__WHAT IS EXPECTED__.
Word for word, copy out the data below, omitting pictures.

__GIVEN MATERIAL__.
━━━━━━

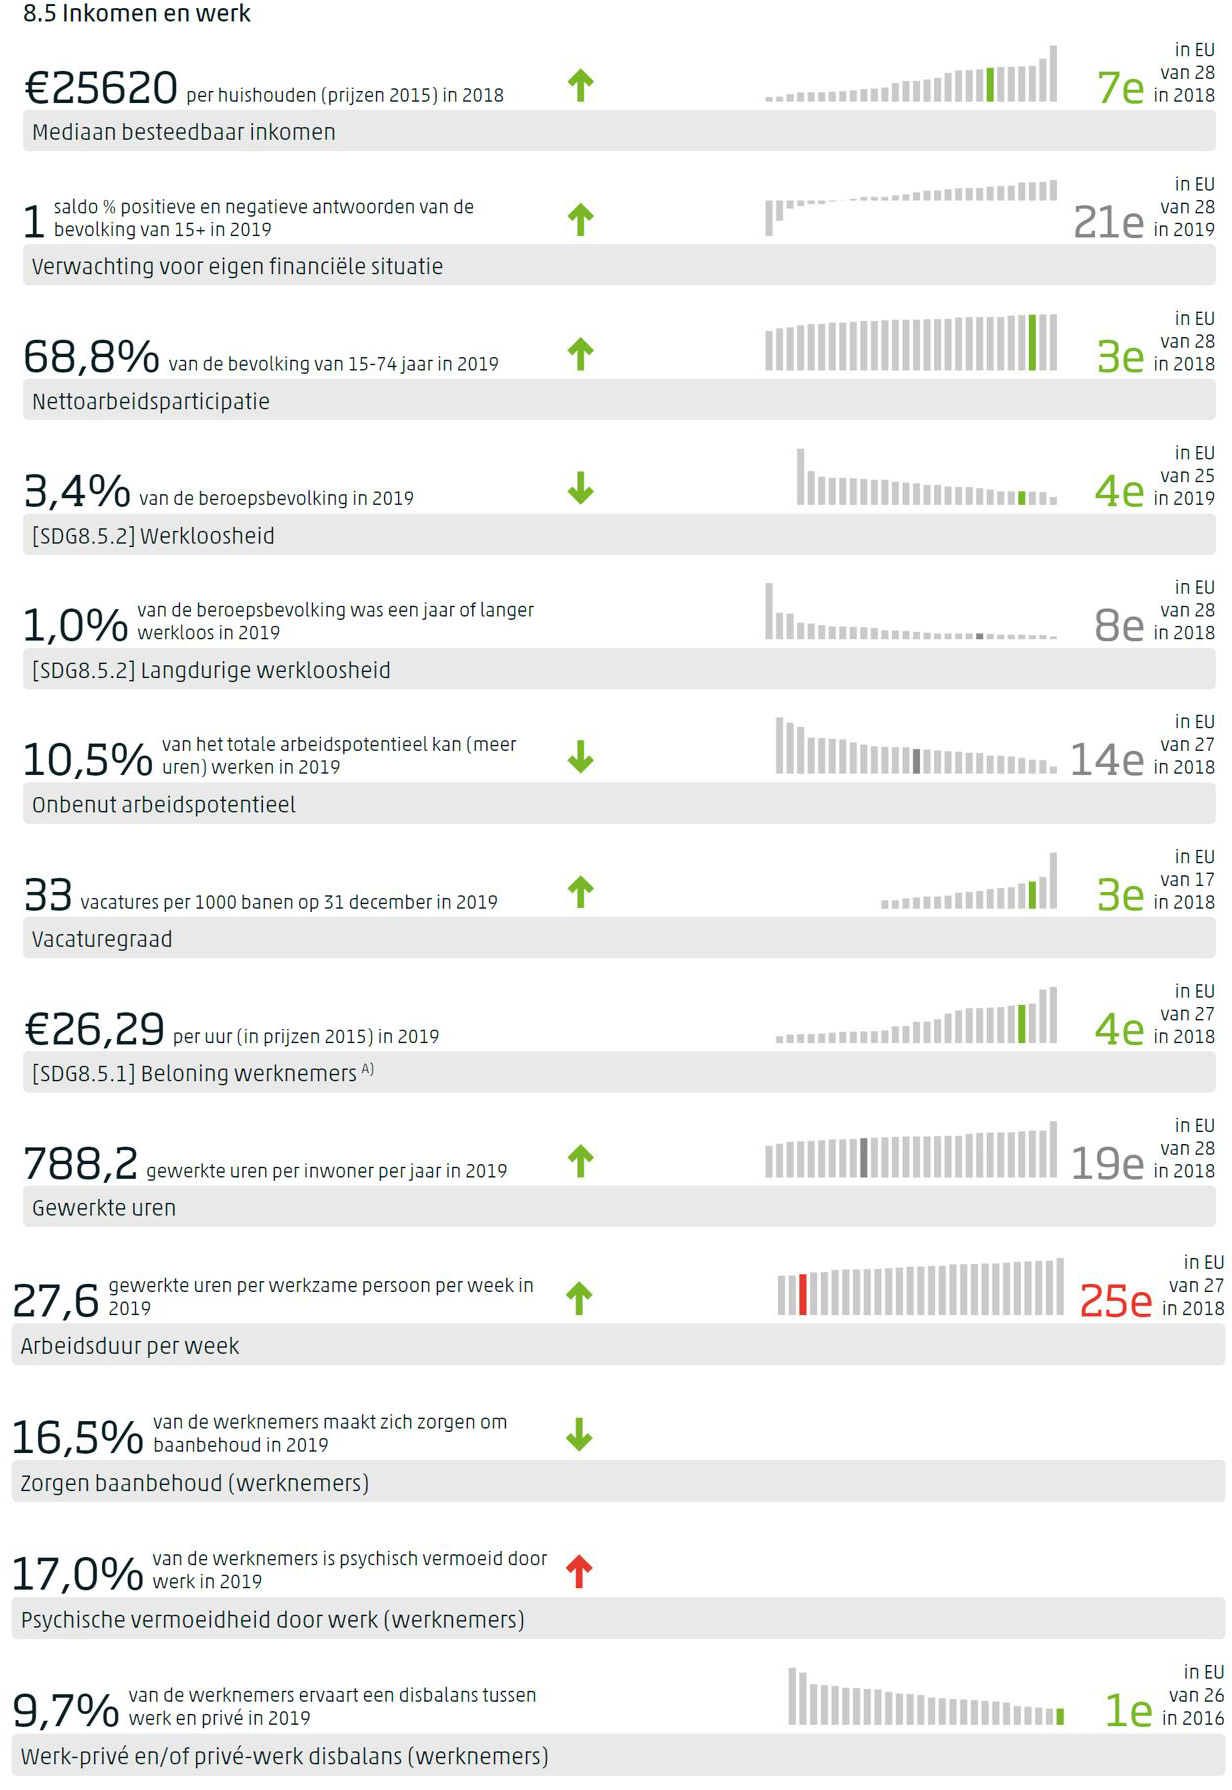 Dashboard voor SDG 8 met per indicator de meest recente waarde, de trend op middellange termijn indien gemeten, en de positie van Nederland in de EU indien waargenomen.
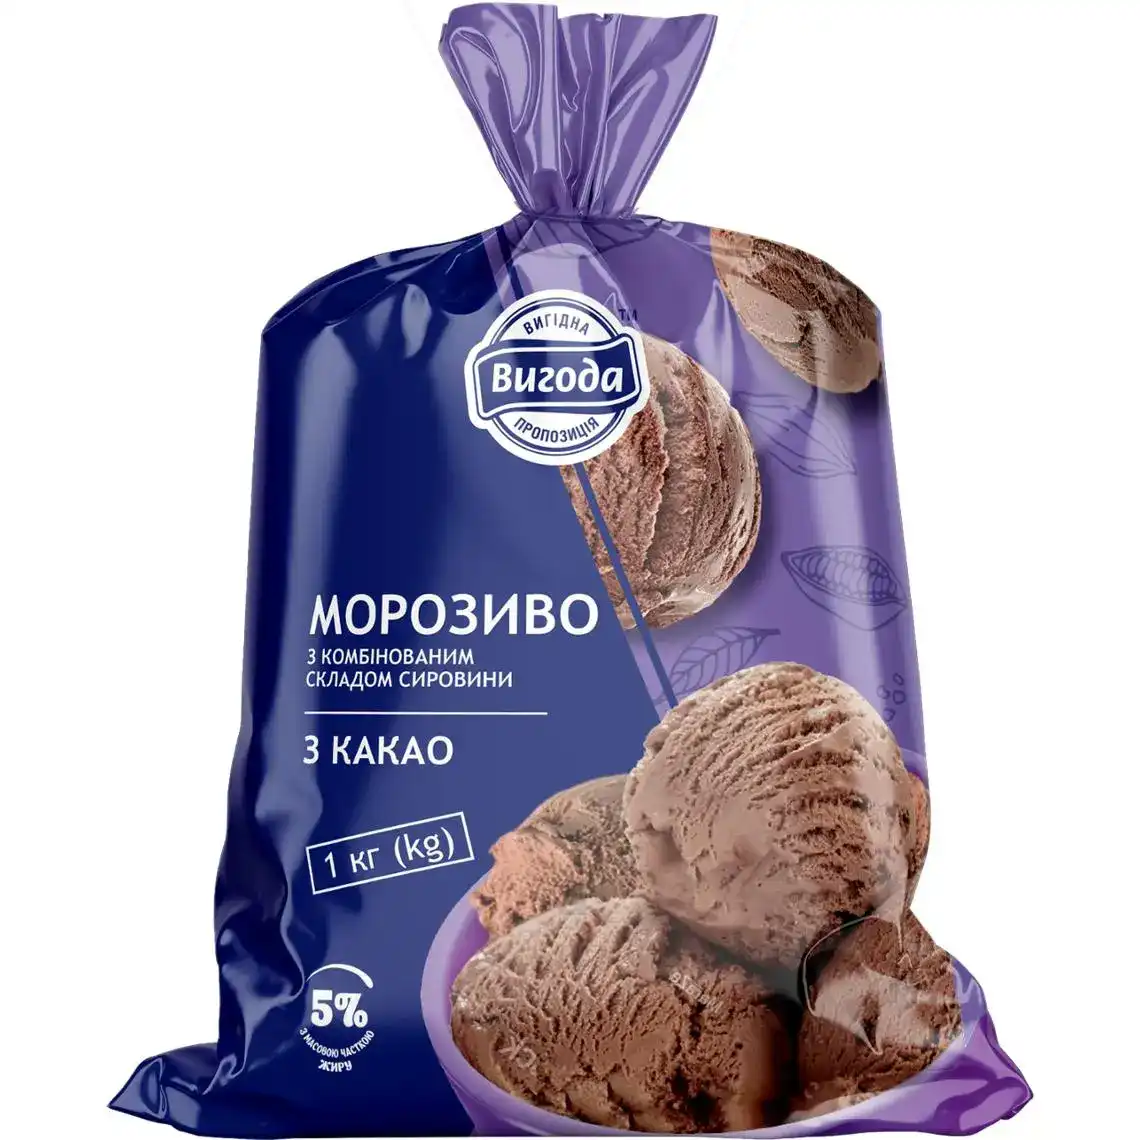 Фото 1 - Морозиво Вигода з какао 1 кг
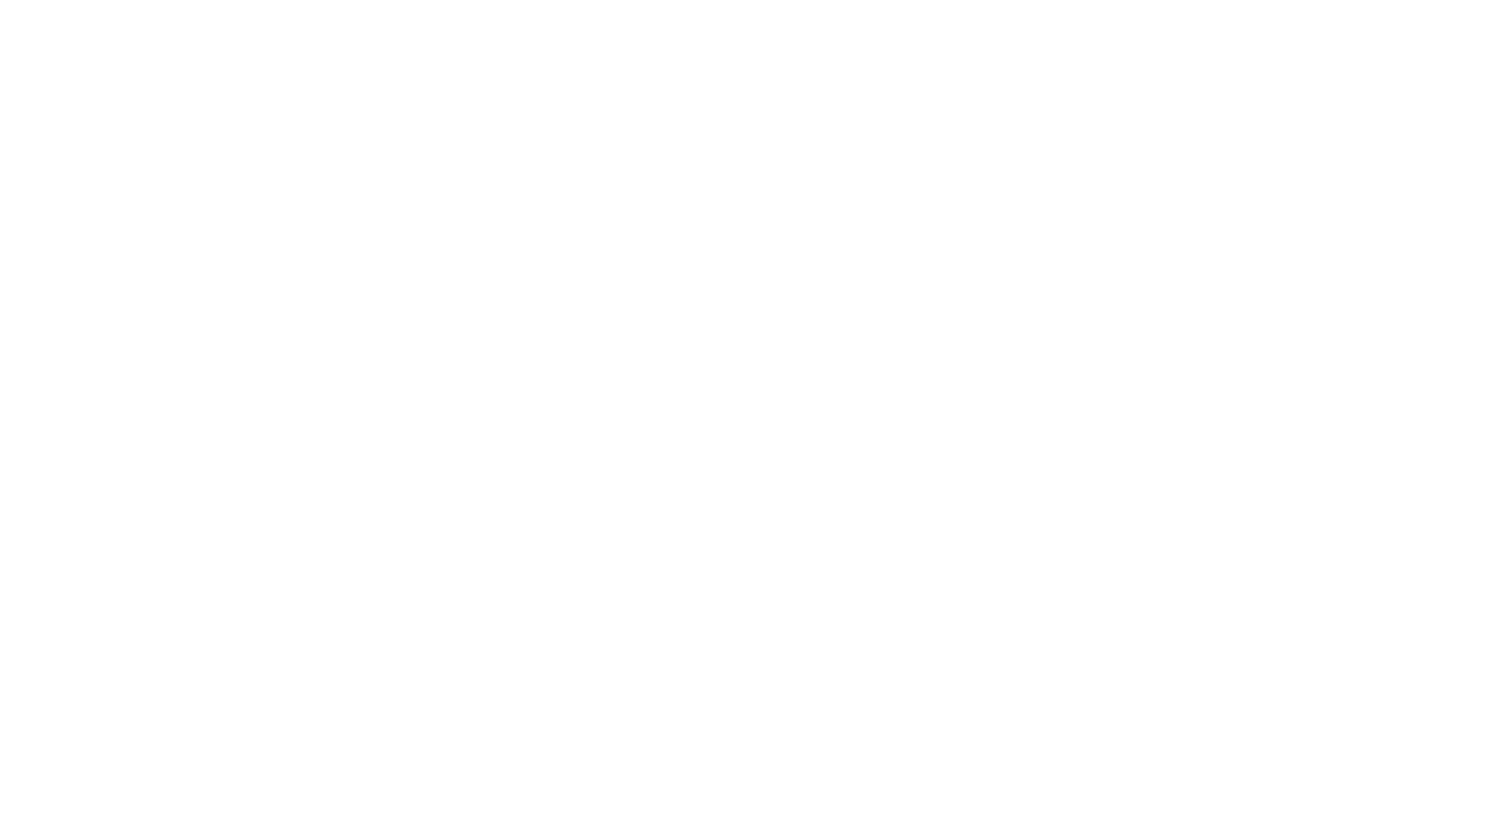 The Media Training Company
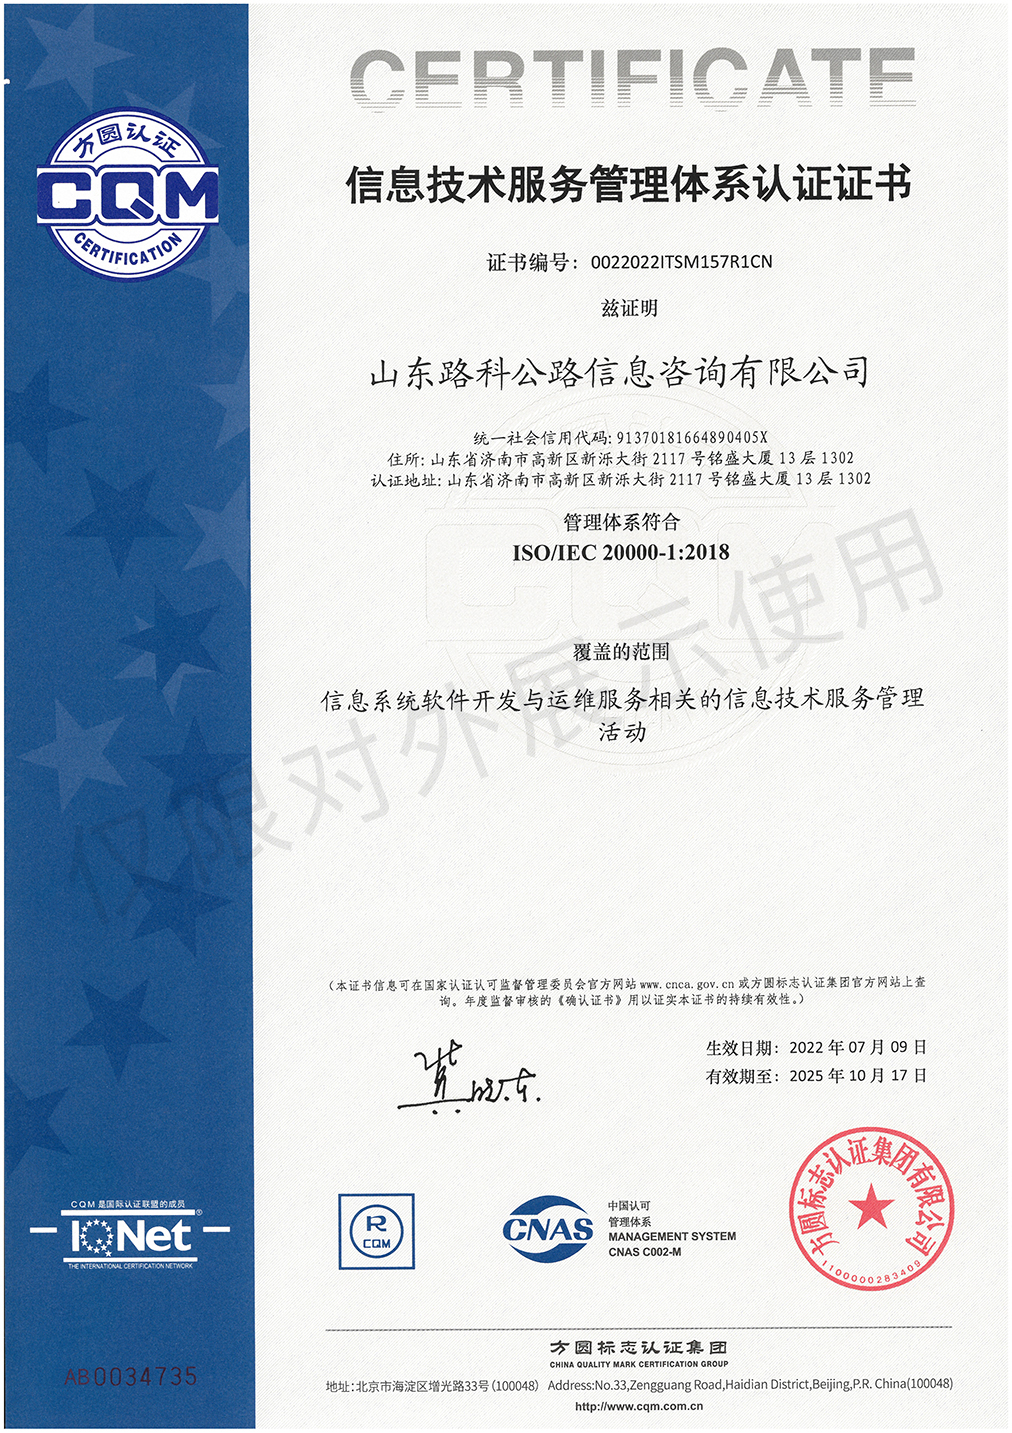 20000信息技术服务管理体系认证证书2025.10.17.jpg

━━━━━━

__SOLUTION__.
 Dashboard voor SDG 8 met per indicator de meest recente waarde, de trend op middellange termijn indien gemeten, en de positie van Nederland in de EU indien waargenomen.
 Фото 1 - Морозиво Вигода з какао 1 кг
 The Media Training Company
 20000信息技术服务管理体系认证证书2025.10.17.jpg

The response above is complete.